Blogger Jon Speed, who is affiliated with pro-life film Babies Are Murdered Here, has written an article denigrating 40 Days for Life as non-Christian. His article is entitled 40 Days for Life Stinks. Right away I can tell that this isn't going to be a critique of 40 Days for Life so much as complaining about them, and right I was.
Jon is adamant that 40 Days for Life is not a Christian organization. Right away, I should note that as far as I know, 40 Days for Life is not an organization at all, but a 40-day event that people of different churches and pro-life organizations participate in, meeting in front of abortion clinics to peacefully protest abortion and pray for its ending. On what grounds does Speed assert that an event where churches get together and pray for the ending of abortion is not a Christian event?
In Speed's own words, "40 Days for Life leaders oppose preaching the gospel at the clinics." Does he offer any proof for this? Not a shred. I have participated in 40 Days for Life now for a few years, and I am quite confident in saying that no one at 40 Days for Life opposes preaching the gospel, and they don't oppose conversations about the gospel with anyone who wants to stop and chat. But everything in its time. As Solomon wrote in Ecclesiastes, there is a time for everything under the sun. Forty Days for Life is a peaceful protest, one in which pro-life advocates don't want to be obnoxious while getting their point across about abortion.
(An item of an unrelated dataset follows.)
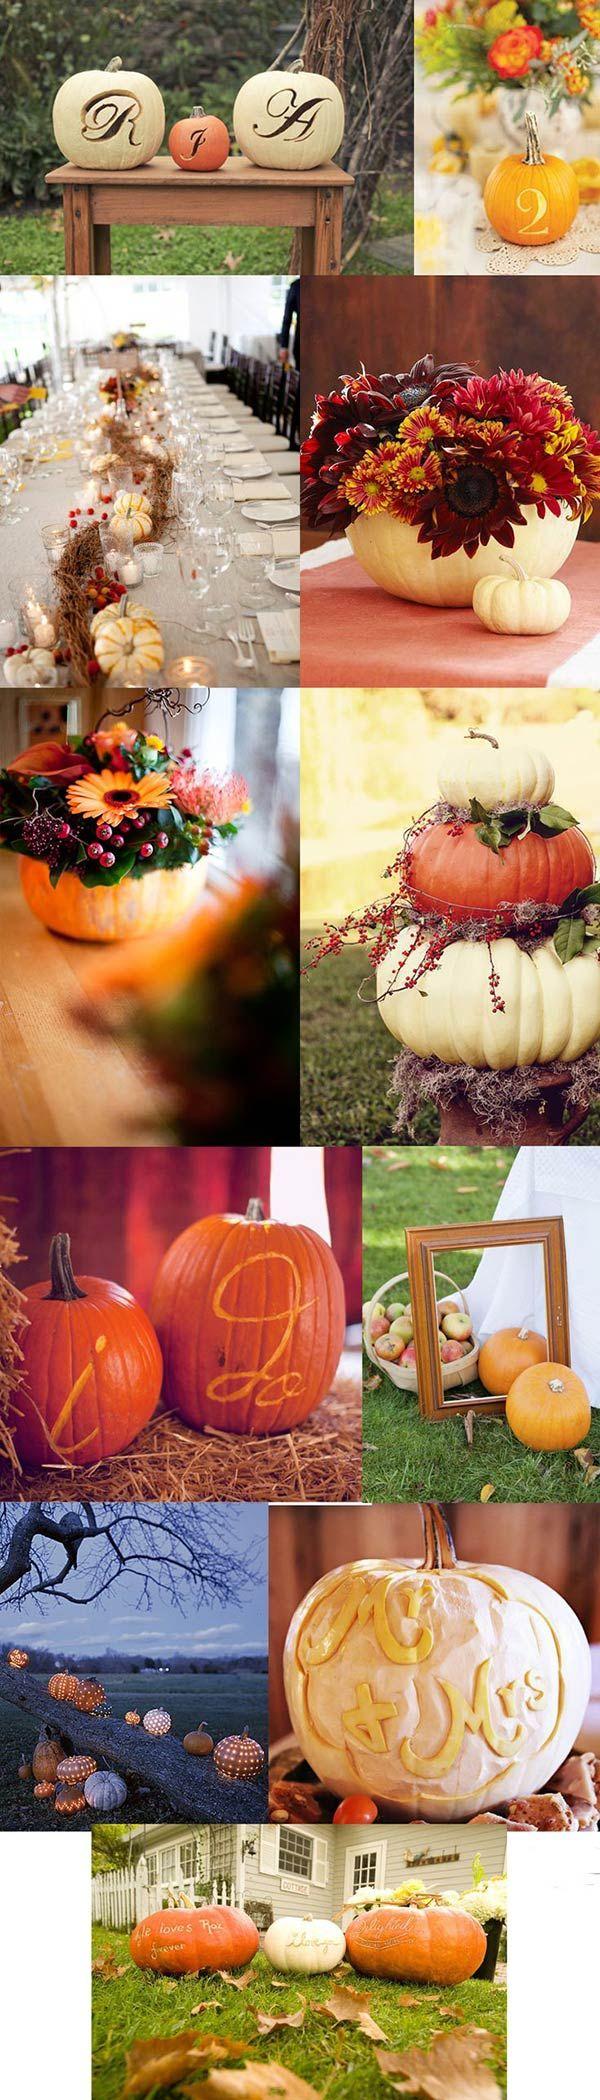 Zucche per il matrimonio autunnale #halloween #fall #wedding http://paperproject.it/lifestyle/zucchero-e-confetti/matrimoni-autunno-inspirational-board/

So in light of the fact that I have participated in the event and I am quite confident that no one at 40 Days for Life would oppose raising the gospel in conversations, I am quite confident what Speed means is that those affiliated don't want anyone to be yelling at the people going into the clinics and street preaching in front since it is supposed to be a peaceful protest.
Speed claims that 40 Days for Life is a humanist organization because it's man-centered and not Christ-centered, but this is a gross oversimplification. Speed must have overlooked Acts 17, in which Paul doesn't reason from the Scriptures with the Romans or preach the gospel at them, but reasons from philosophy, quoting their own poets, in order to convince them. There is a time to preach the gospel and there is a time to meet people where they're at, saying things that they need to hear, not just what you want them to hear. Become "all things to all men," as Paul wrote, "that [we] may by all means win some." Christianity is a religion that appeals to the intellect, not just to spirituality. Presuppositionalism is an untenable and indefensible view of Christian apologetics, as is evidenced by an interaction I had with two people from Abolish Human Abortion.
Speed made the following puzzling statement in his article: "BTW, ironically, statistics are not the friend of 40 Days if you compare them with the statistics of gospel-centered abortion clinic ministries." Two things to say to this: First, I asked Speed in the comments two or three times to back up this statement, and he was unable to. So the only thing to conclude is that he's blowing smoke with this statement. But second, even if it was true, it would be easily accountable by the fact that these gospel-centered groups operate all year round and 40 Days operates for...forty days a year. Speed quoted their figure at 8,000 lives saved since 40 Days for Life started in 2004. Definitely nothing to sneeze at operating for forty days a year for 10 years. If anything, I would think that should motivate us to hold 40 Days for Life events more often.
To make matters worse, he compares these Christians at this event to cockroaches, who scurry away "when the light is shed." This is just ridiculous nonsense, and I would think that people like Speed should take the words of the Scriptures more seriously, such as the commandment against bearing false witness against your neighbor, and showing love, not condemnation, to post-abortive women as well as to fellow believers in Christ.
Needless to say, Speed's arguments in this article are less than stellar. People in these presuppositionalist groups can't separate evangelizing from other discussions, so to them talking about abortion just is evangelizing. But this is nonsense. God exists outside the Bible, too, and has been revealed through nature (which is also Biblical -- Romans 1). People in these extremist organizations cherry-pick what they like from the Bible, and don't take a reasoned approach to any of their conversations, thinking, falsely, that if you are obnoxious about preaching the gospel, people will turn to God in droves. They take one example, Pentacost from Acts 2, and extrapolate from that that all of their conversations need to be like that, meanwhile ignoring the other passages that talk about people being met where they are, such as the aforementioned Paul in Acts 17, or Jesus talking to the adulteress at the well, and numerous other examples, and weren't condemned by a street preacher.
The pro-life movement will never succeed as long as there are people who are trying to drive a wedge into the pro-life movement, dividing us, and playing into the hands of the pro-choice movement by embodying all of their stereotypes (that pro-life people are only interested in condemning women for having abortions, that they are just belligerent loudmouths, and that abortion is a religious issue). We need a better way to operate, and we need to be united. As Christ, himself, said, "any city or house divided against itself will fall."